Double-Deism also has a central holy text known as the Super-Bible. Unlike other holy texts, which are written on physical pages in Earthly languages, the Super-Bible is a book of pure meaning that cannot be so contained. This is what makes the Super-Bible so much more glorious and awesome than any Earthly text. It also means that you can't just pick it up and read it cover-to-cover; so glorious a book is not meant to be sullied by mortal hands for mortal purposes. Instead, Double-God delivers divine revelations to true believers on an as-needed basis, using whatever book is handy at the moment. Infidels will see nothing but a mundane book, but true believers will see the Super-Bible as Double-God wants them to see it at the moment. Double-God can also show different believers different parts of the text at one and the same time, and nobody can prove that this is not what's happening, so everyone has to go along with it no matter what.

It's also important to remember that anything said to be from the Super-Bible that works against the point you're trying to make at the moment is despicable lies from an infidel who was making things up to discredit true believers such as yourself. And if you ever contradict yourself, you have the option of either A) denouncing your past assertions as the muddled ravings of your past infidel self before you saw the light (if this was a long time ago), or B) asserting that there is no real contradiction, only a failure to understand in the mind of your opponent (if this was not a long time ago). The Super-Bible is a perfect and true holy text, after all, and therefore cannot contradict itself. All you have to do is work backwards from there!

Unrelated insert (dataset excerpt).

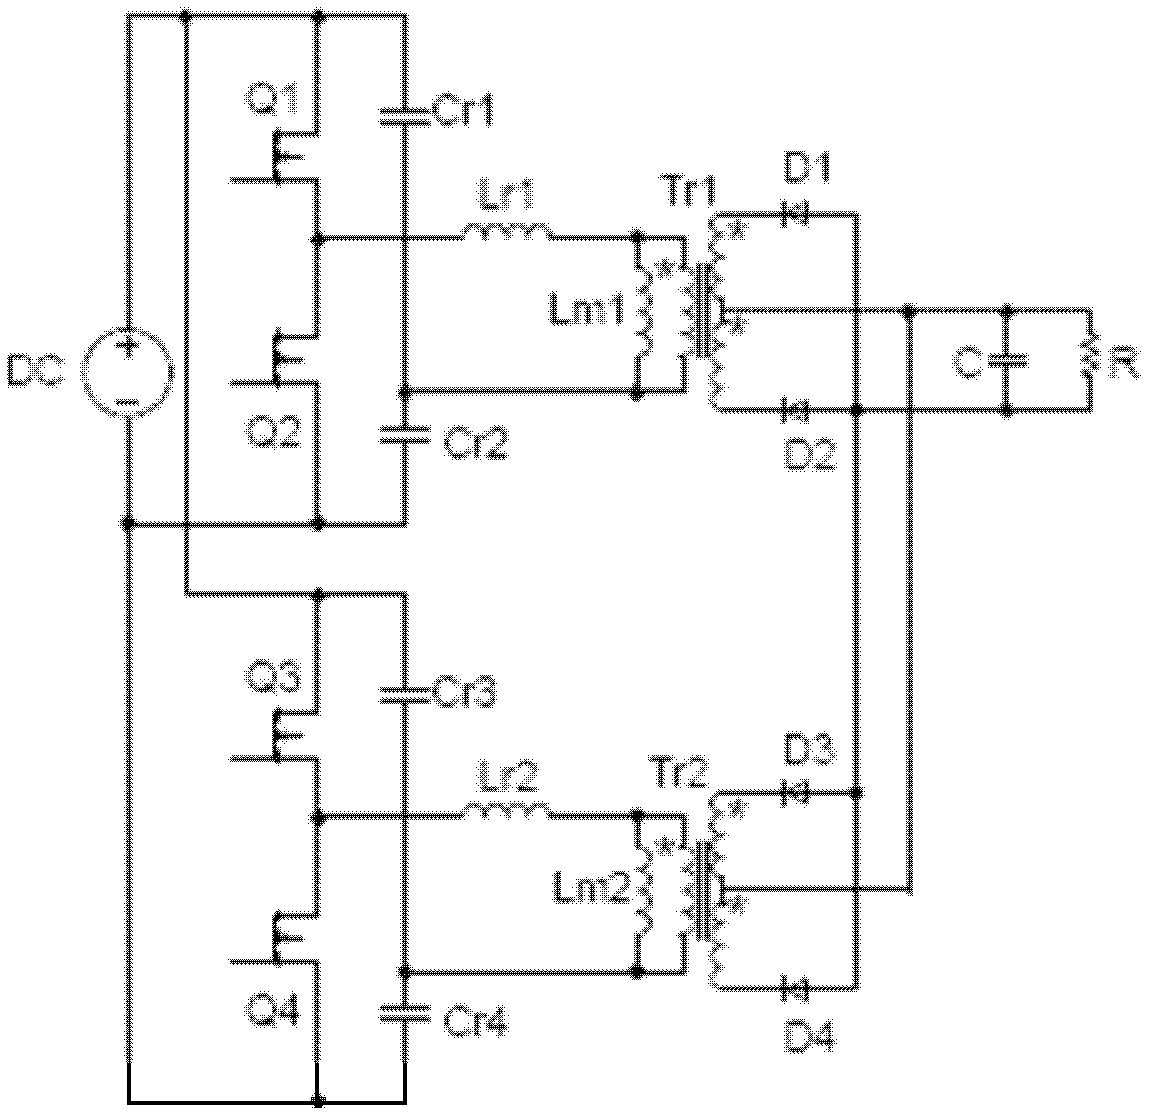 Resonant switching circuit

Perhaps the greatest evidence of the truth of Double-Deism is its eschatology. The miracle here lies in the fact that every doomsday prophecy is true. You see, every time someone said that the world was going to end, it actually would have, but for the fact that Double-God stepped in and saved the entire Universe. Double-God has to do this a lot, which is why it never has any time to perform stupid miracles or give private conversations to unbelievers. I mean, subverting the apocalyptic machinations of every other supernatural critter in the human imagination Universe is a rather taxing ordeal, because many of these entities are themselves infinite and omnipotent deities, and not even Double-God's doubly-doubled infinitude is enough to keep up with all of that noise and also tally the fall of every sparrow and attend to next Tuesday's football game. You take care of that shit yourself, and get some fucking perspective while you're at it, you fuckin' ingrate.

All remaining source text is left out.